_WHAT THIS TASK INVOLVES:_ Each line of the data below should be restated exactly, with images left out.

_DATA BELOW:_
━━━━━━━━

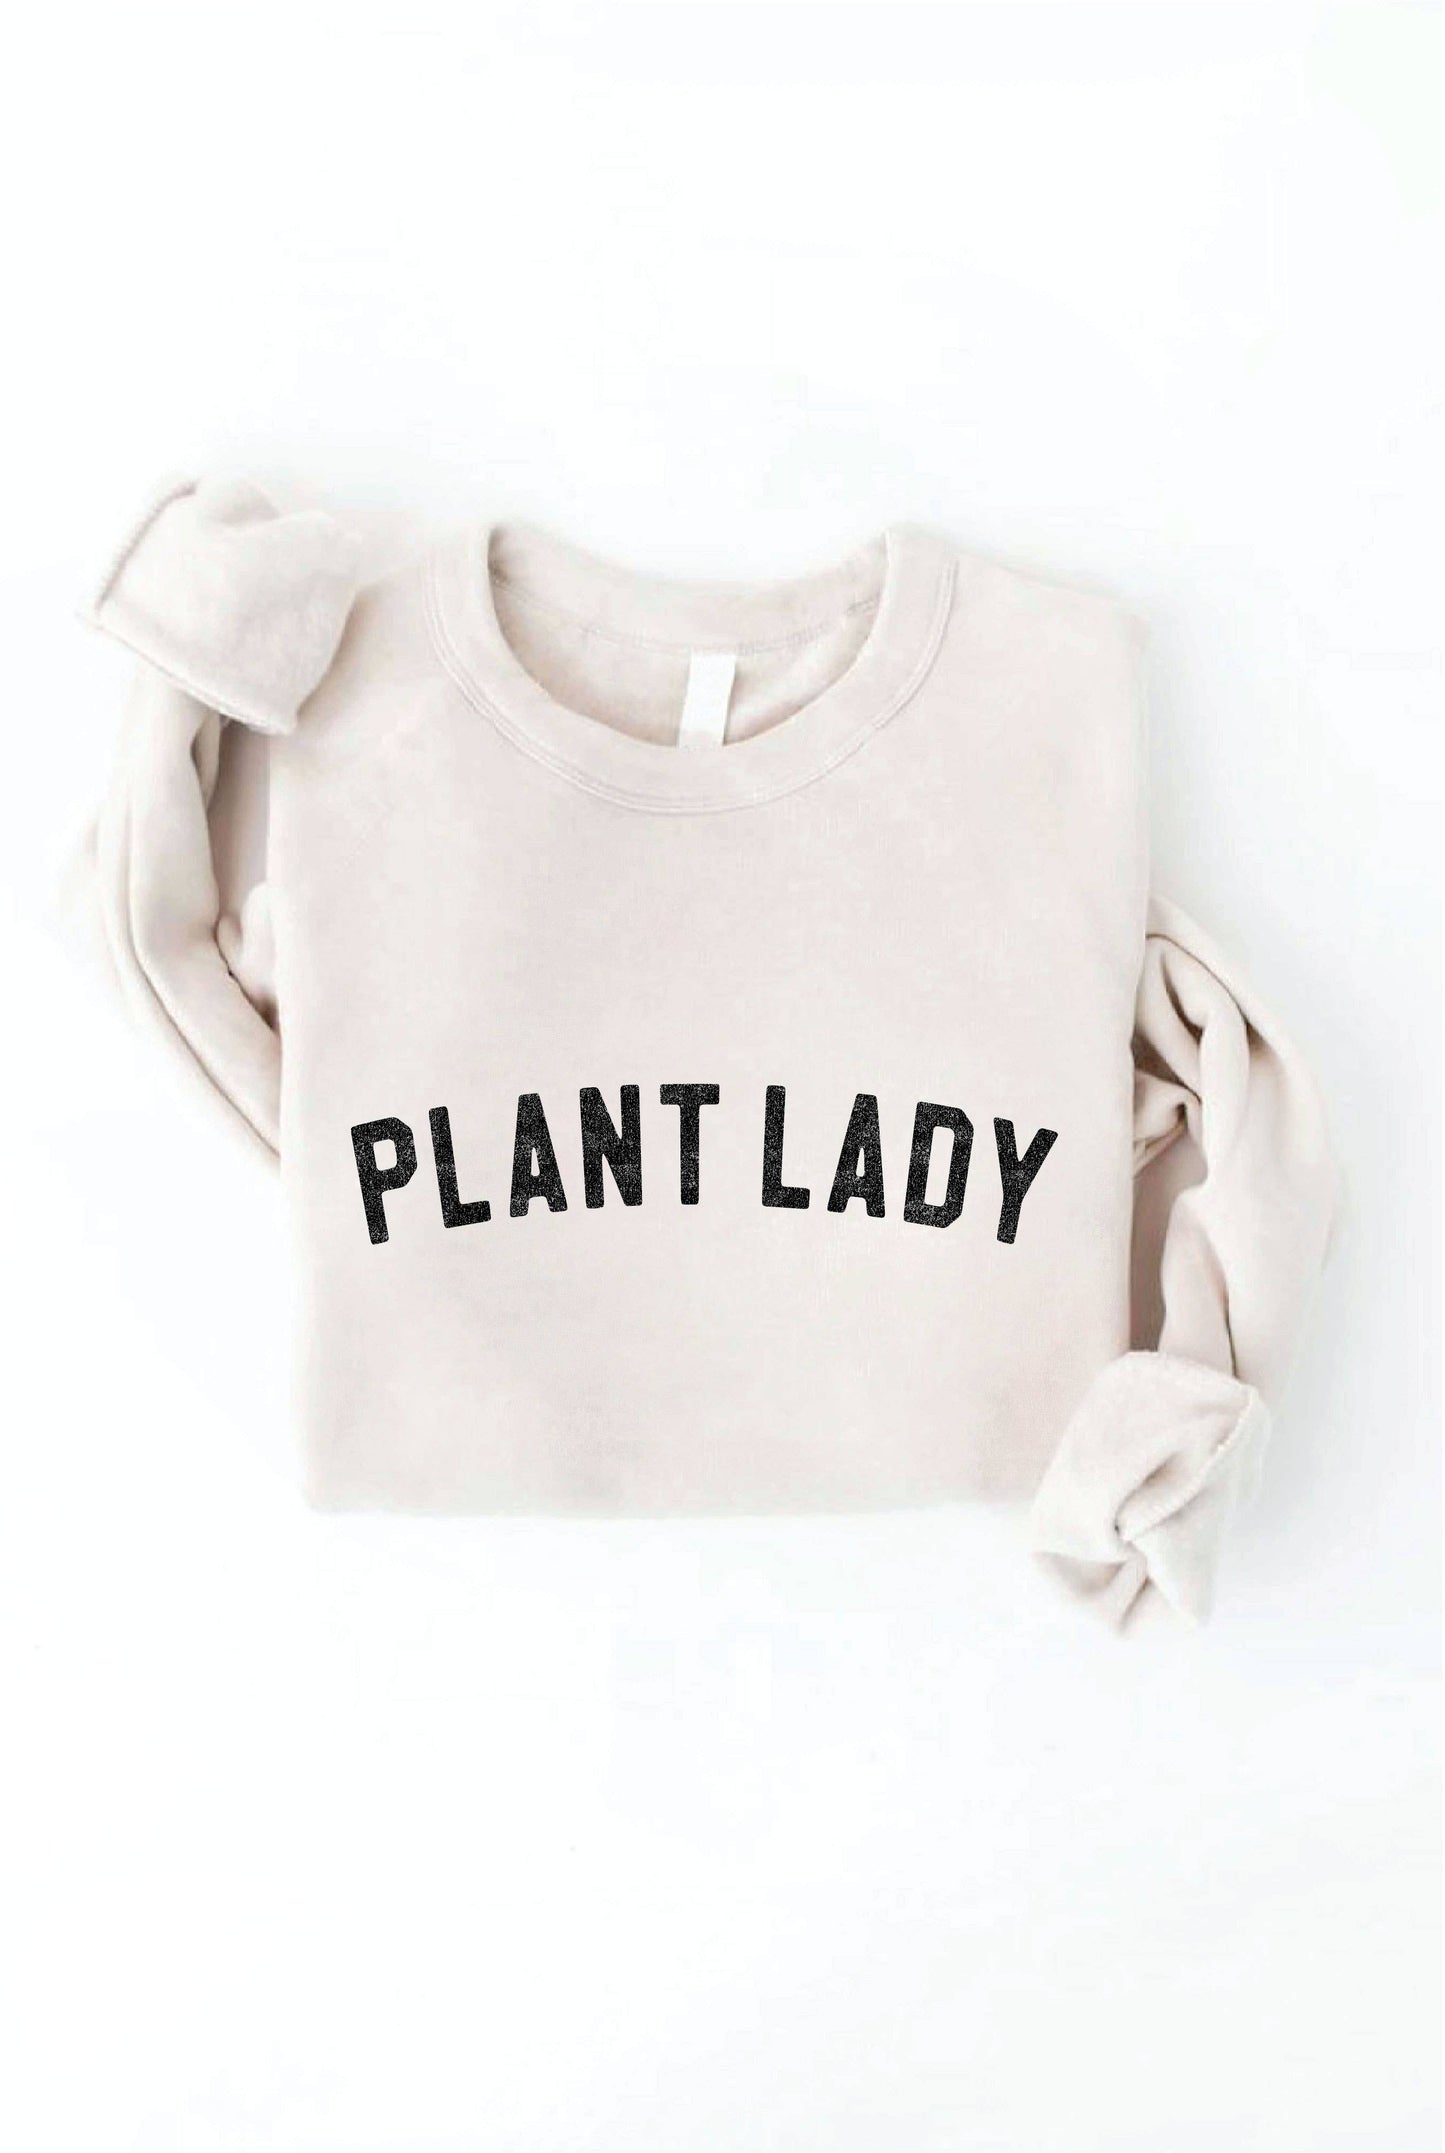 PLANT LADY Print Graphic Sweatshirt: M / HEATHER FOREST
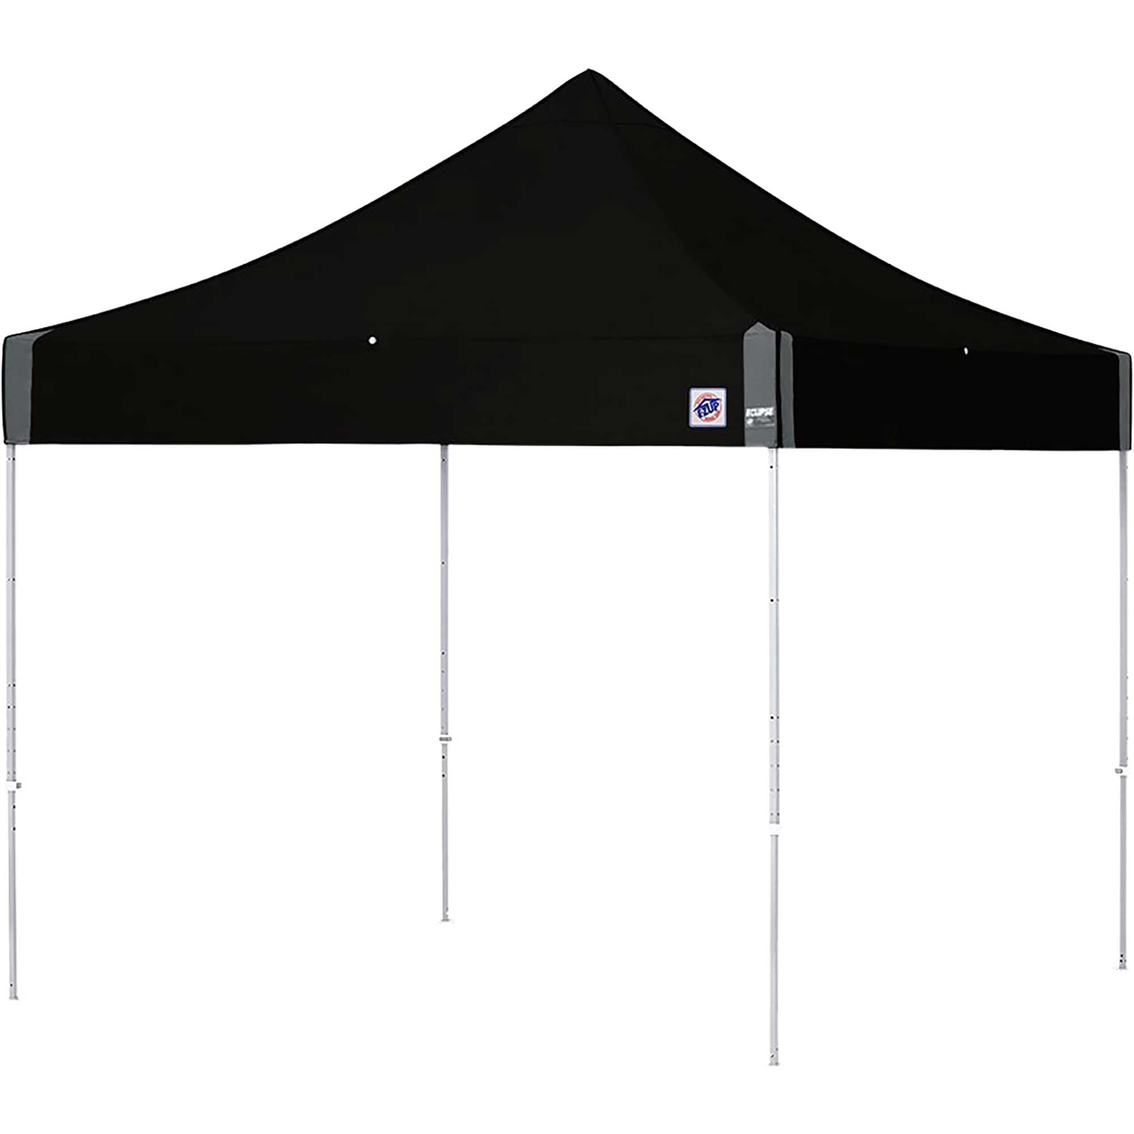 International EZ-Up Eclipse Instant Shelter Canopy 10 x 10 ft.
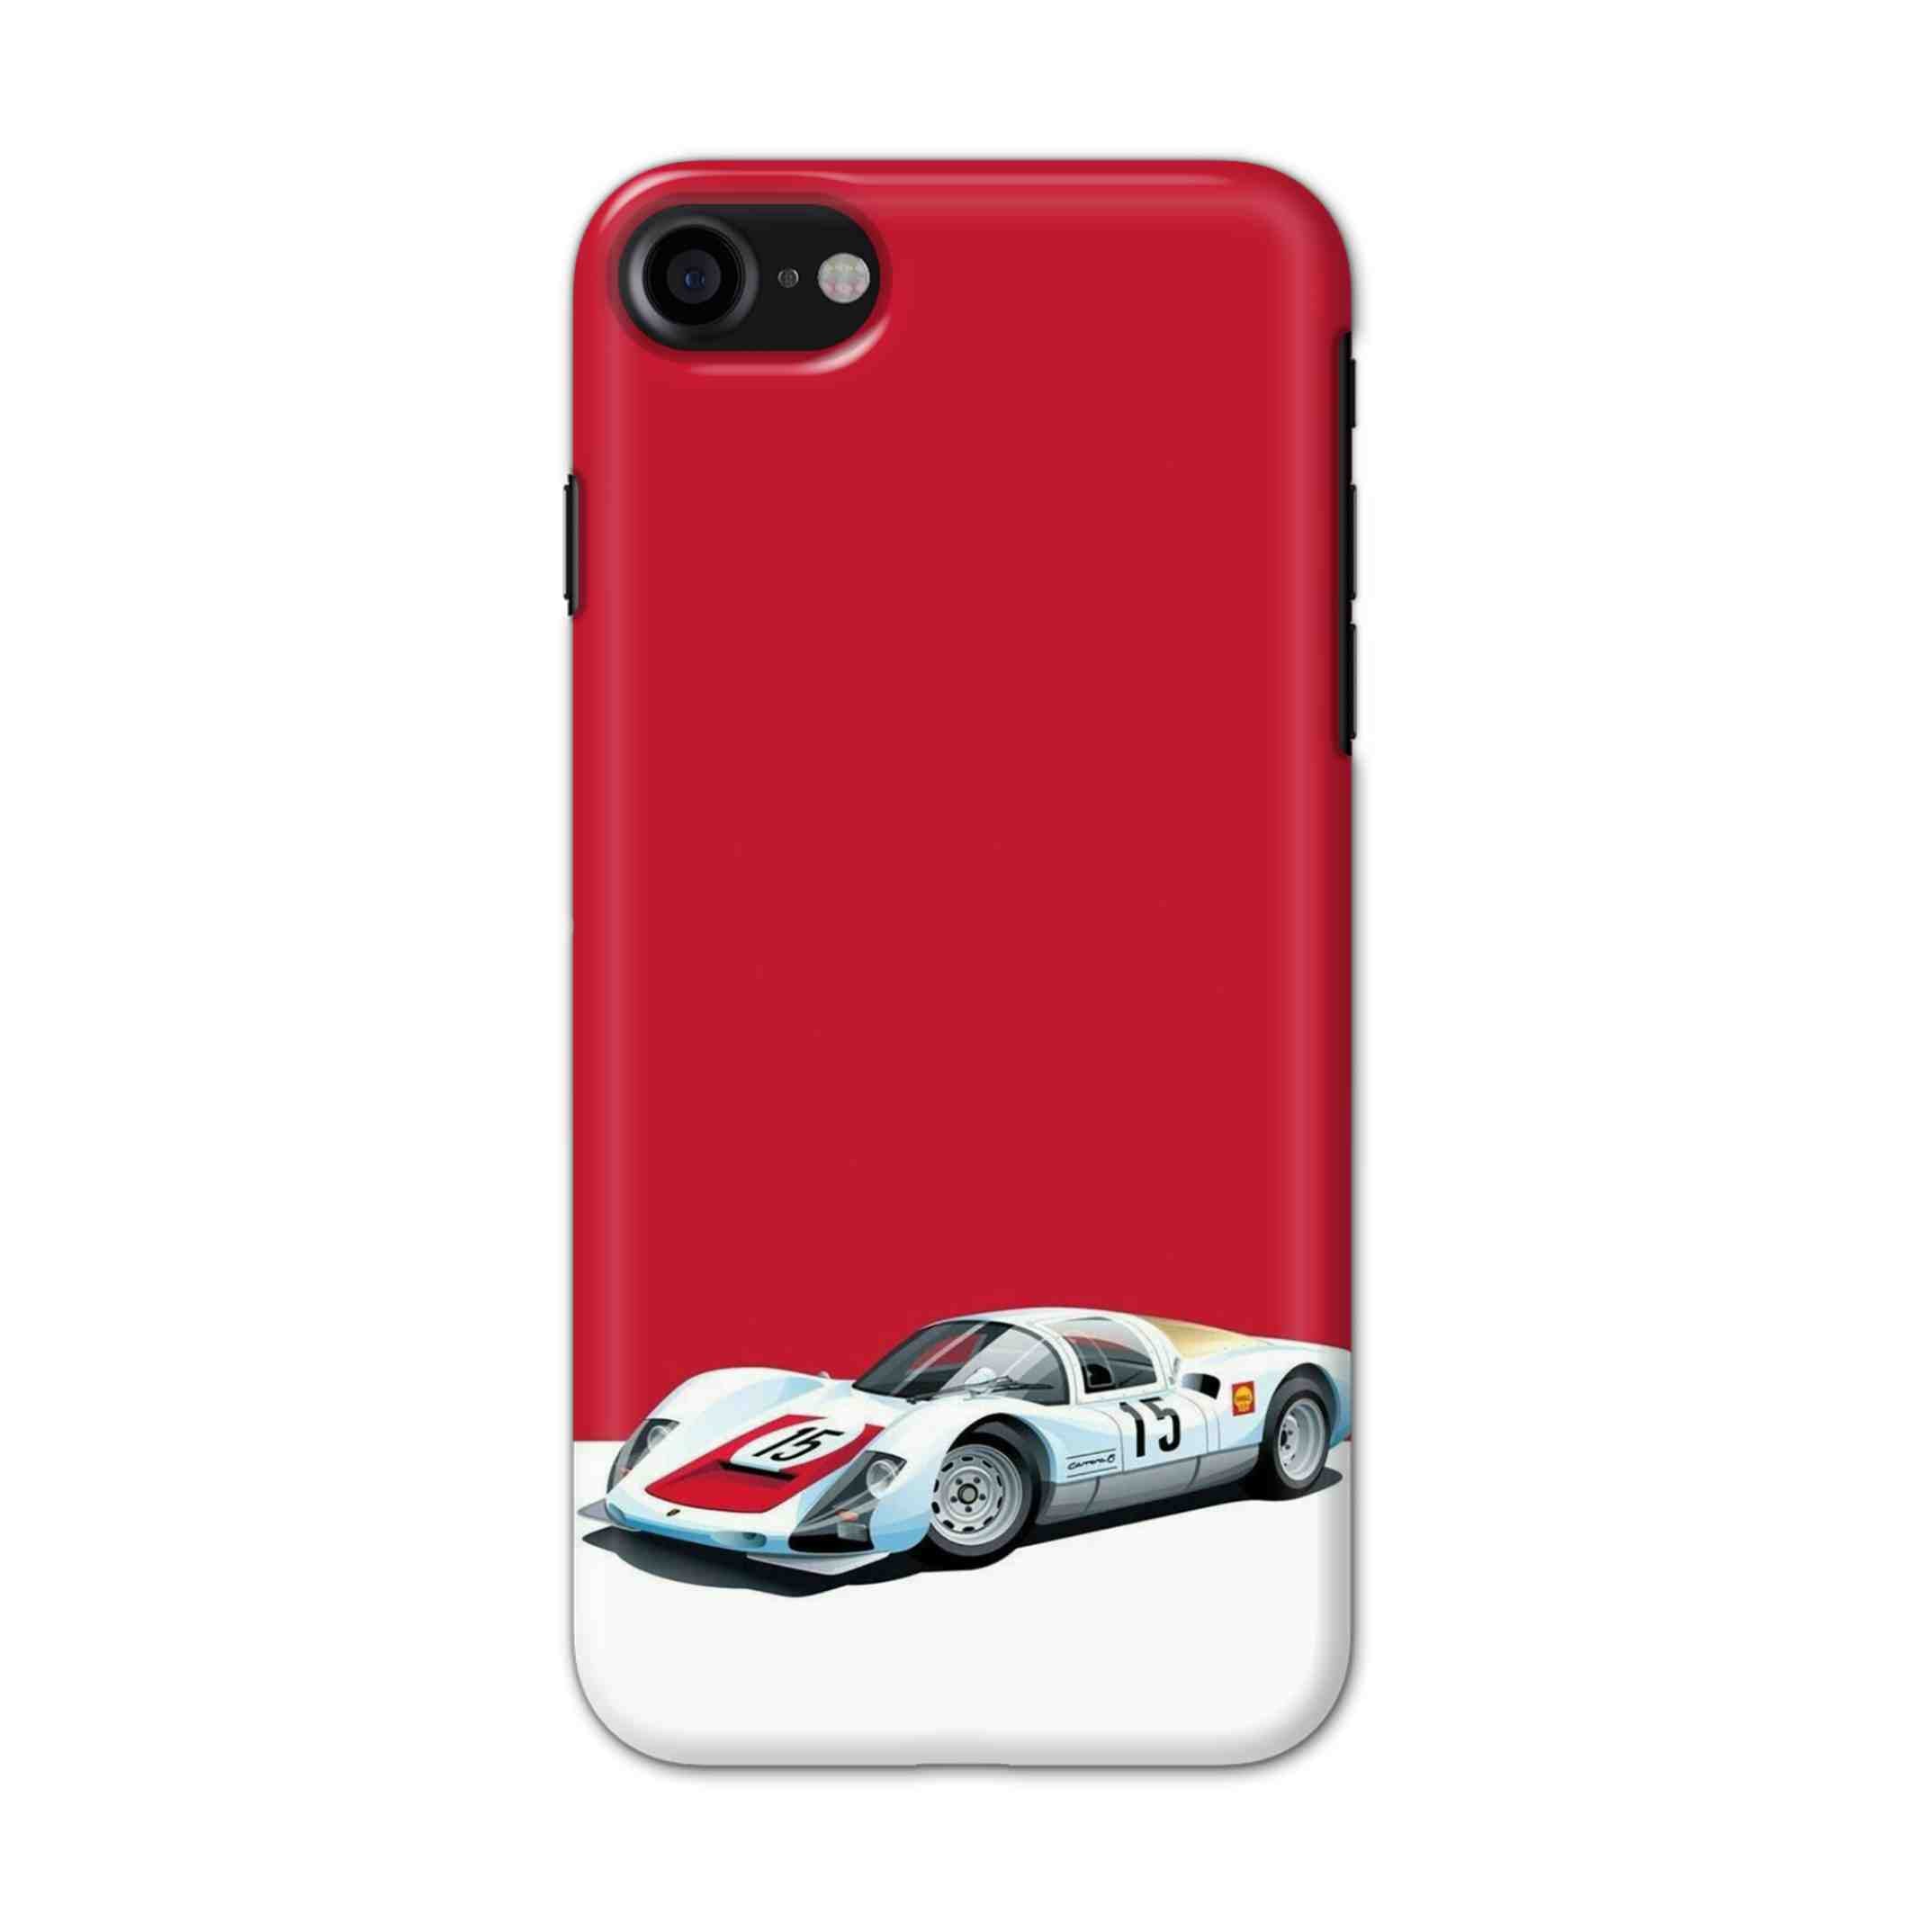 Buy Ferrari F15 Hard Back Mobile Phone Case/Cover For iPhone 7 / 8 Online

━━━━━━━━

_ANSWER AREA:_
 PLANT LADY Print Graphic Sweatshirt: M / HEATHER FOREST
 International EZ-Up Eclipse Instant Shelter Canopy 10 x 10 ft.
 Buy Ferrari F15 Hard Back Mobile Phone Case/Cover For iPhone 7 / 8 Online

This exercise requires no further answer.